BRIEF
Leaving the pictures aside, transcribe the data below exactly.

DATA PROVIDED

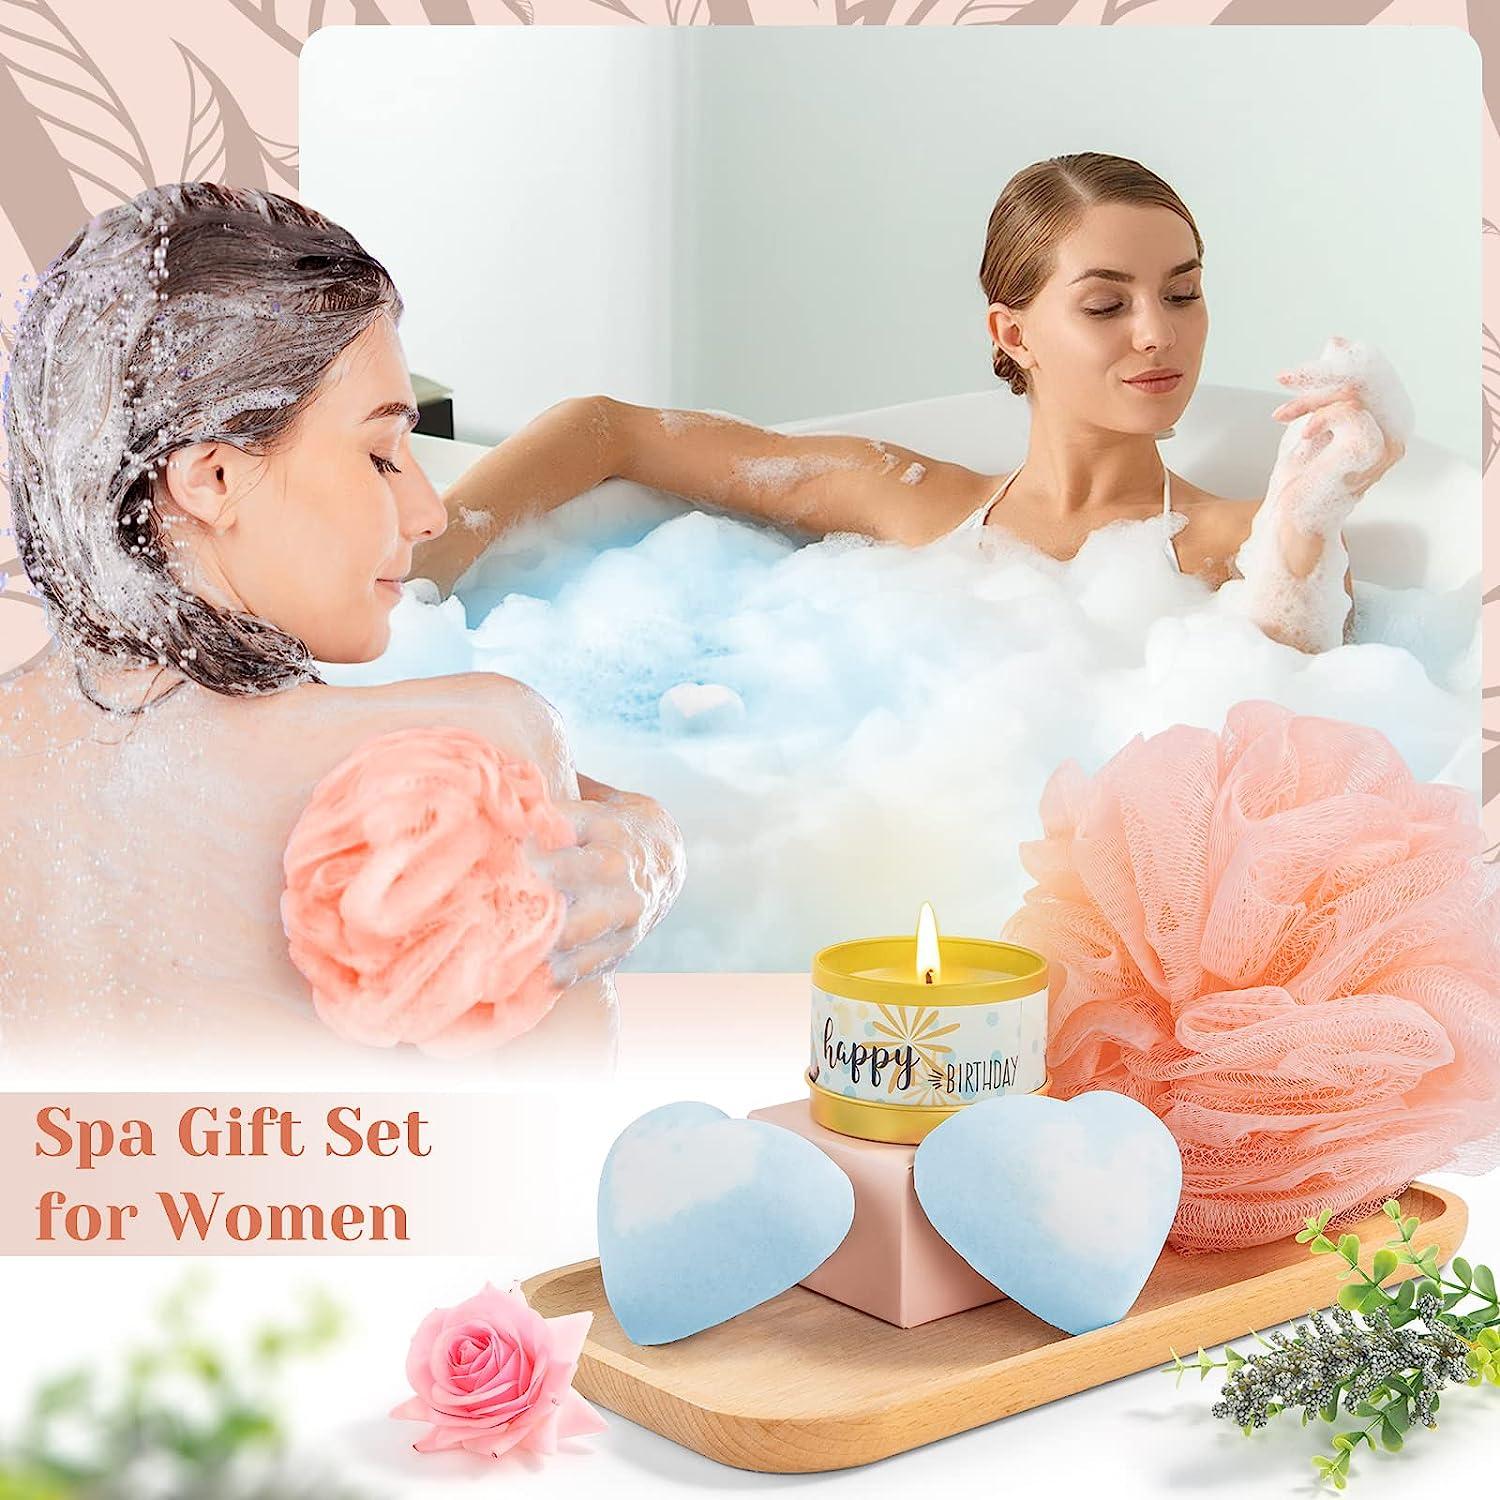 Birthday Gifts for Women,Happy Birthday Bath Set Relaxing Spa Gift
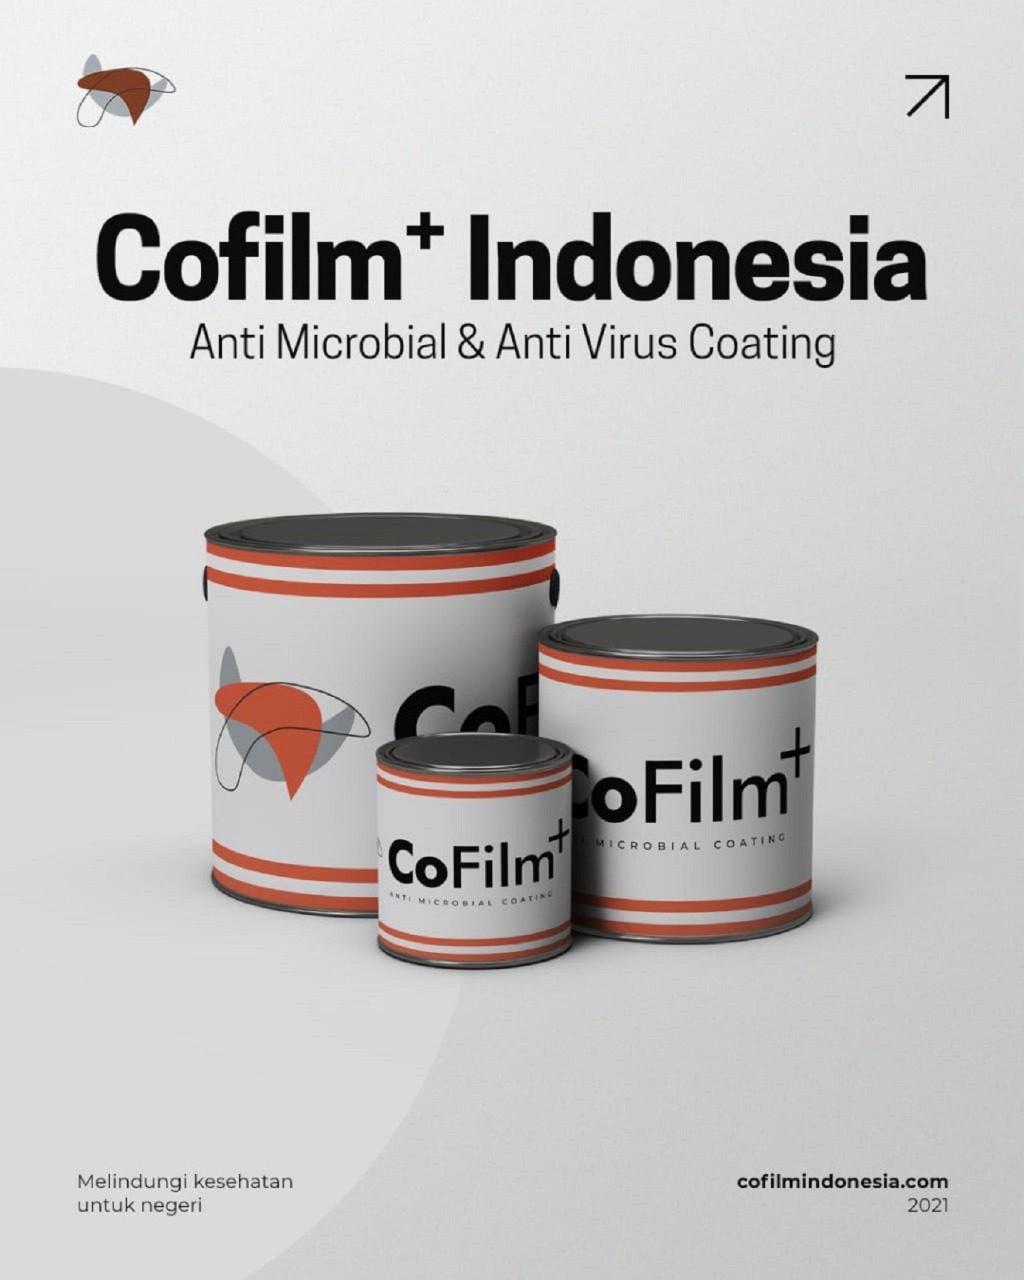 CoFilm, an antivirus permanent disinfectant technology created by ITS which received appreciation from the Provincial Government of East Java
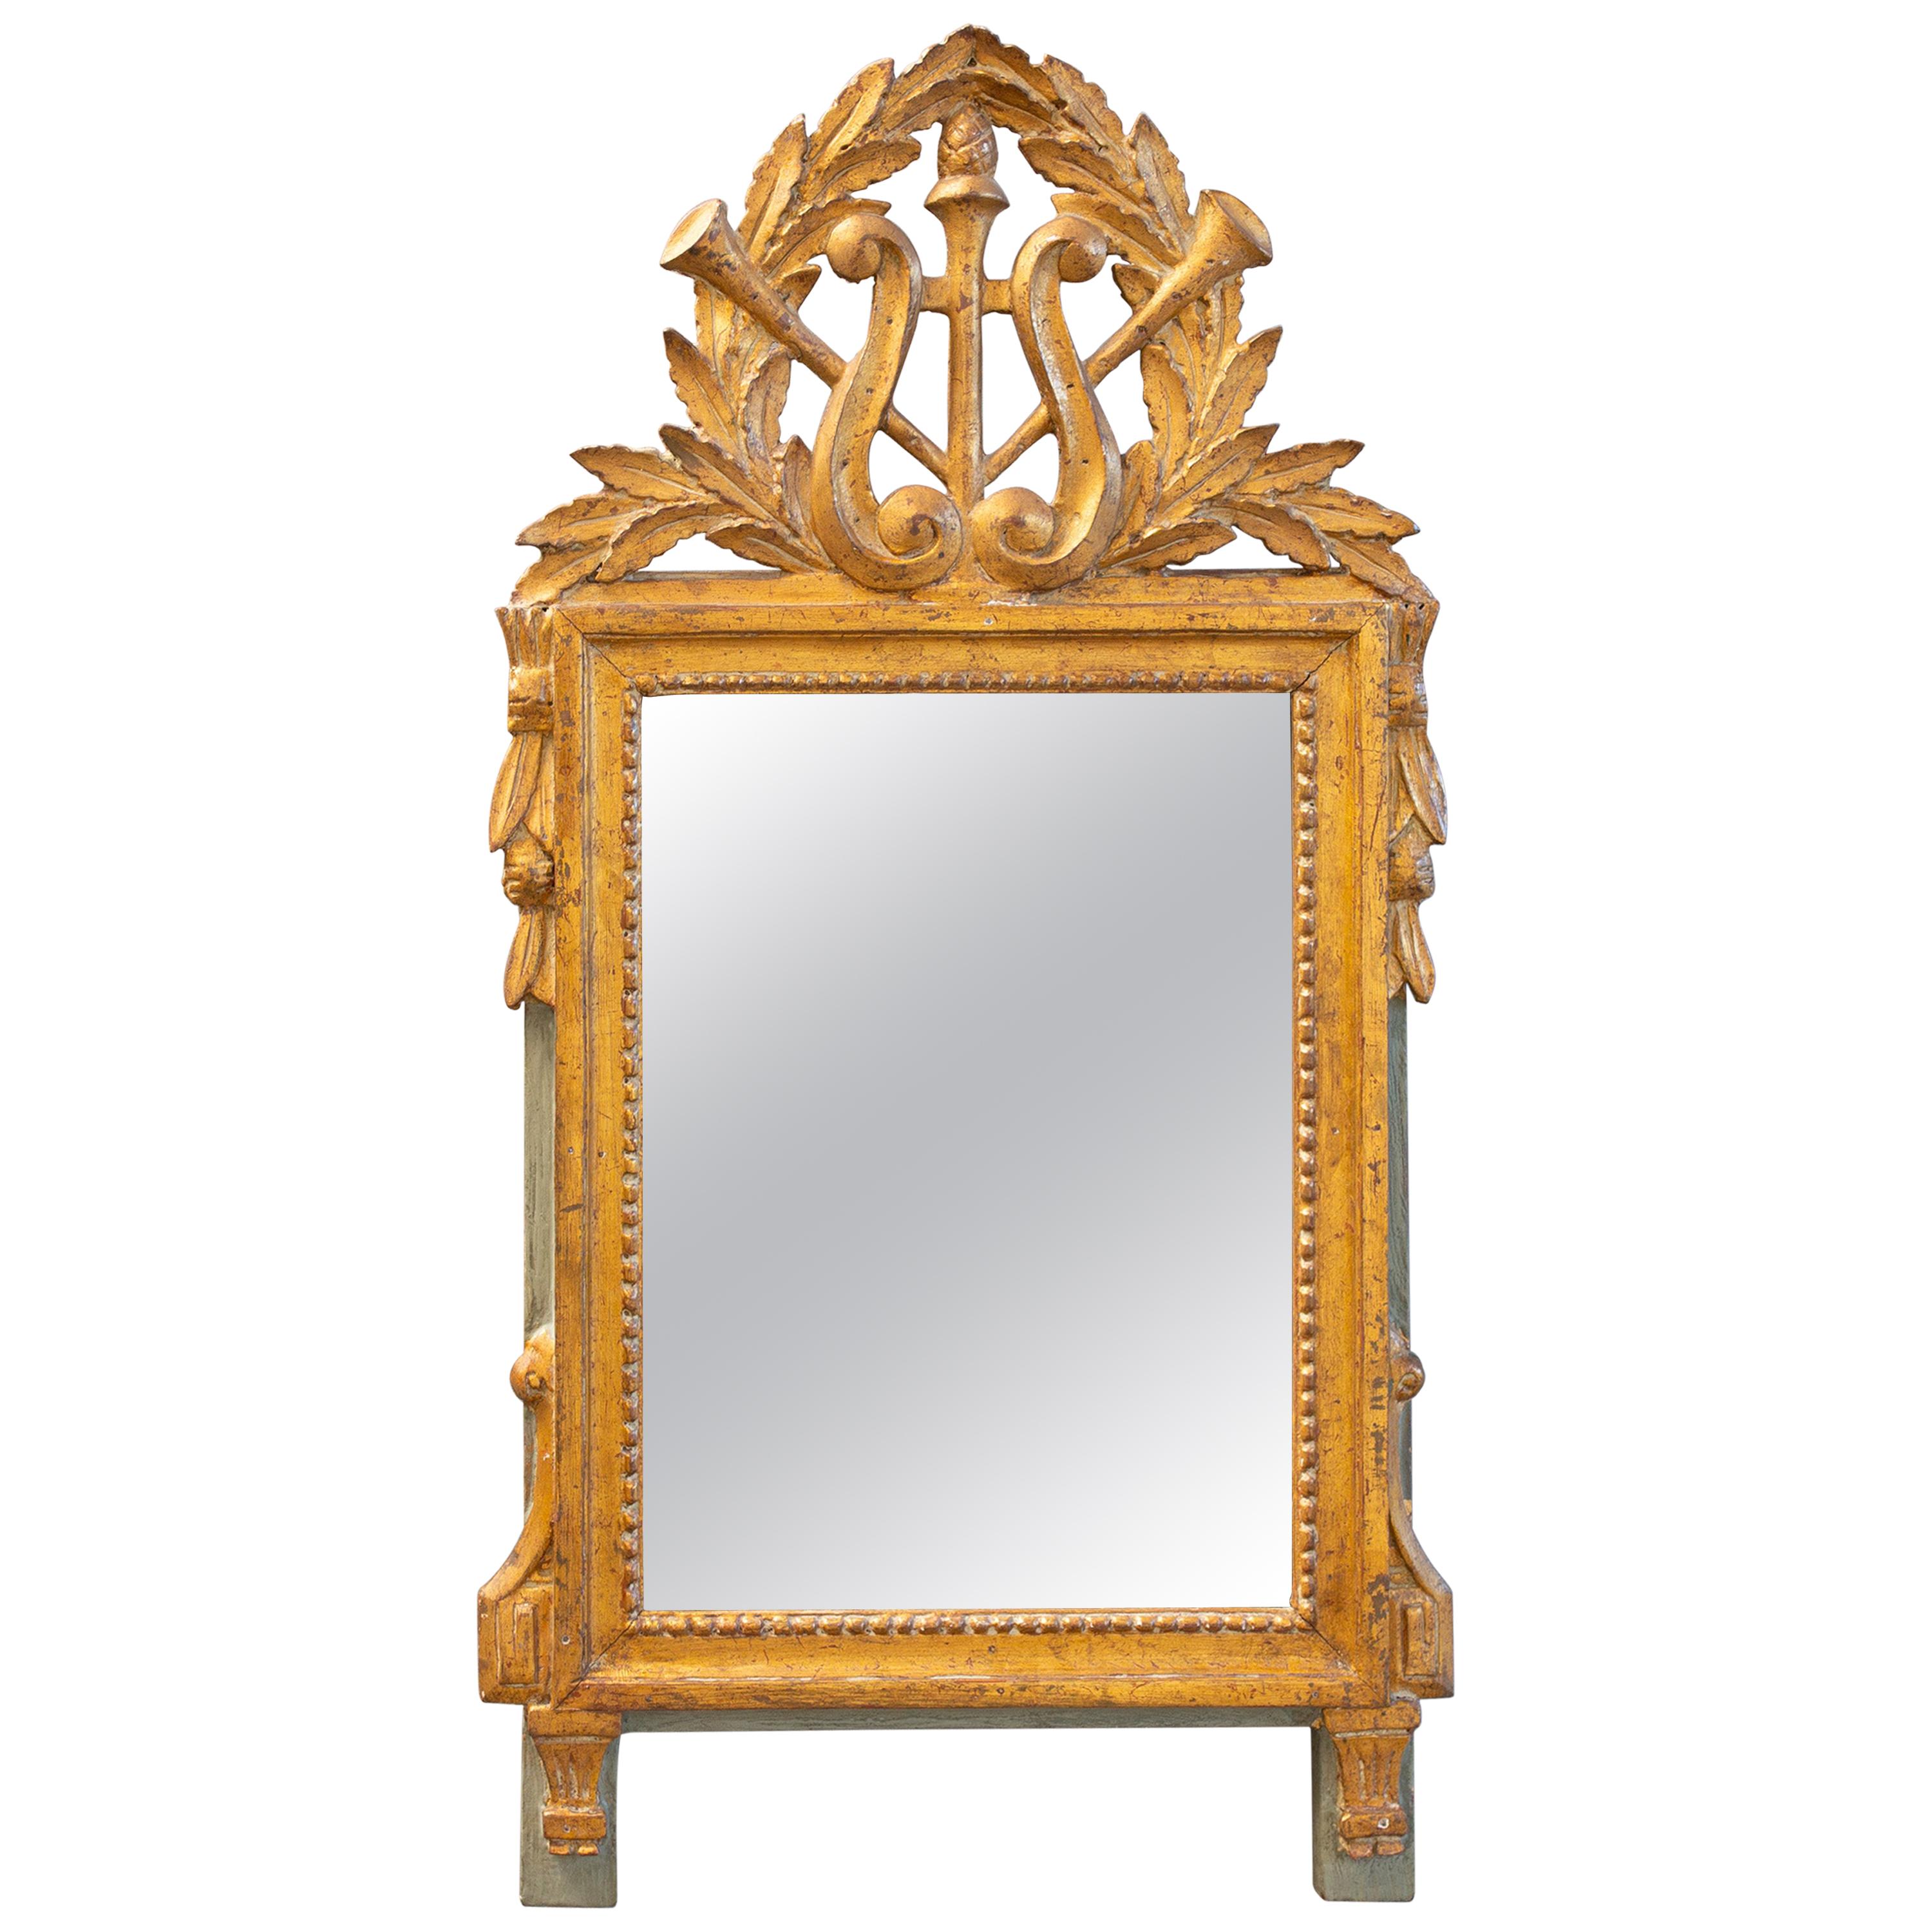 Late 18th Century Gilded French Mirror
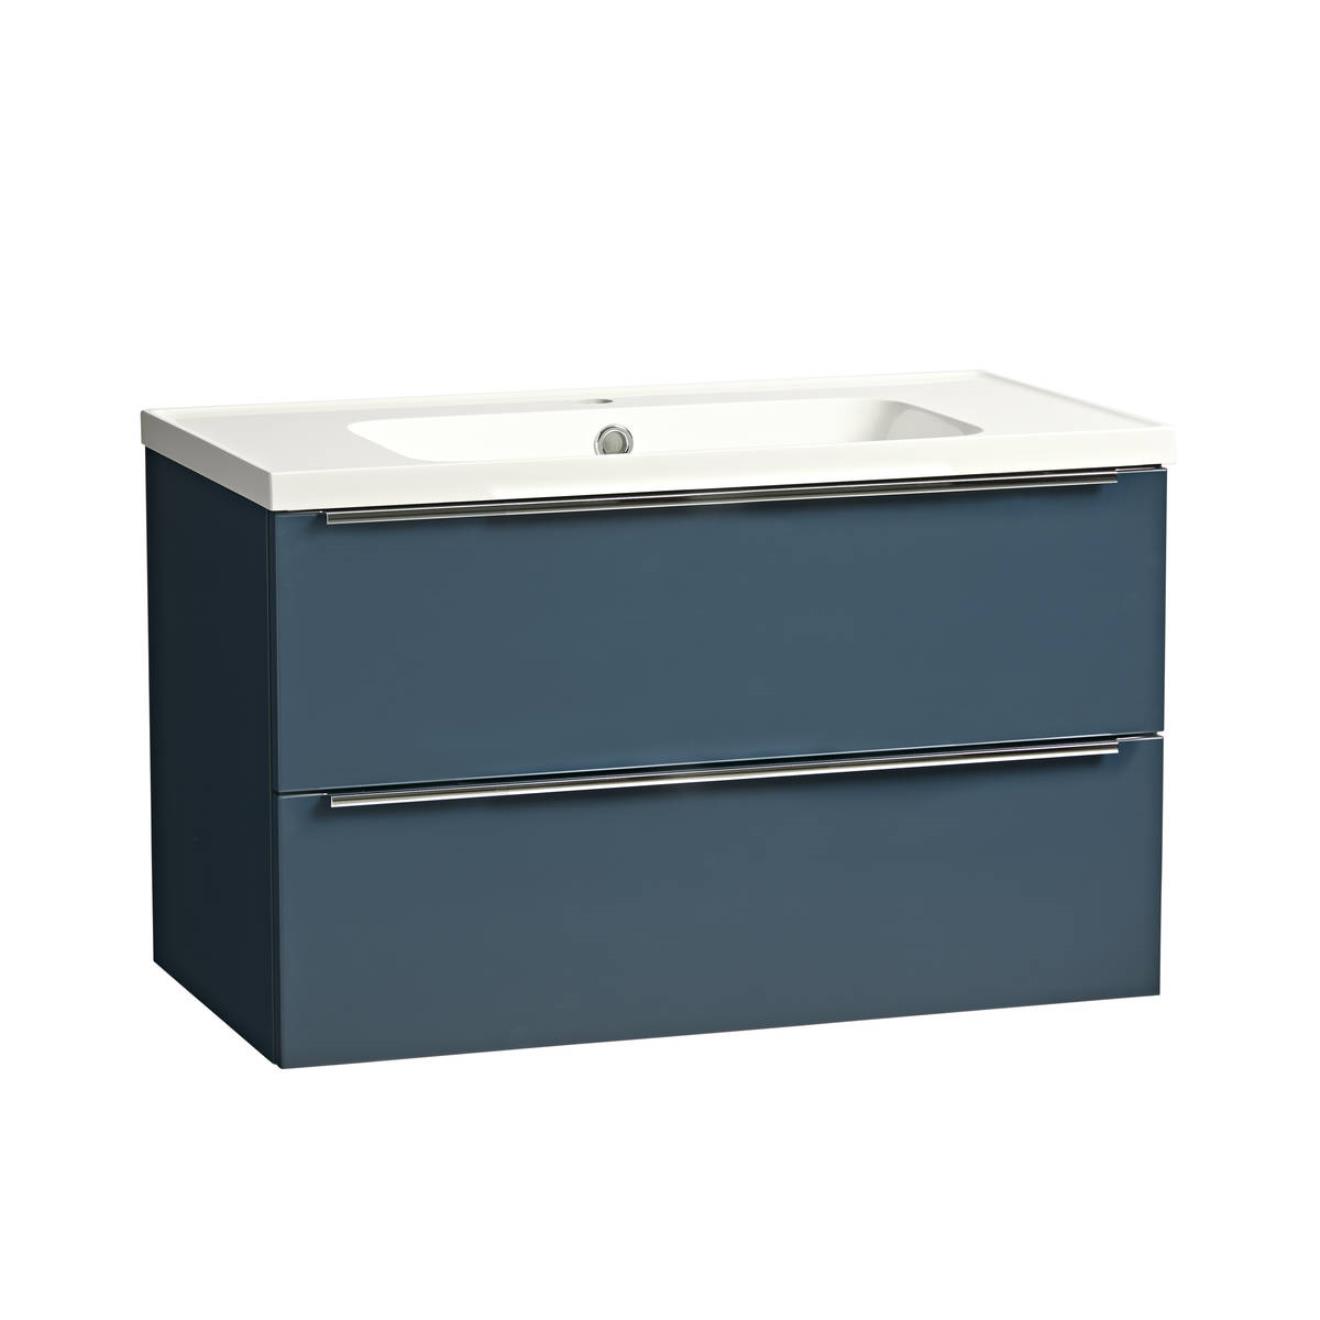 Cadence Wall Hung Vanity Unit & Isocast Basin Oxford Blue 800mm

SOLUTION FOR THIS TASK
 Birthday Gifts for Women,Happy Birthday Bath Set Relaxing Spa Gift
 CoFilm, an antivirus permanent disinfectant technology created by ITS which received appreciation from the Provincial Government of East Java
 Late 18th Century Gilded French Mirror
 Cadence Wall Hung Vanity Unit & Isocast Basin Oxford Blue 800mm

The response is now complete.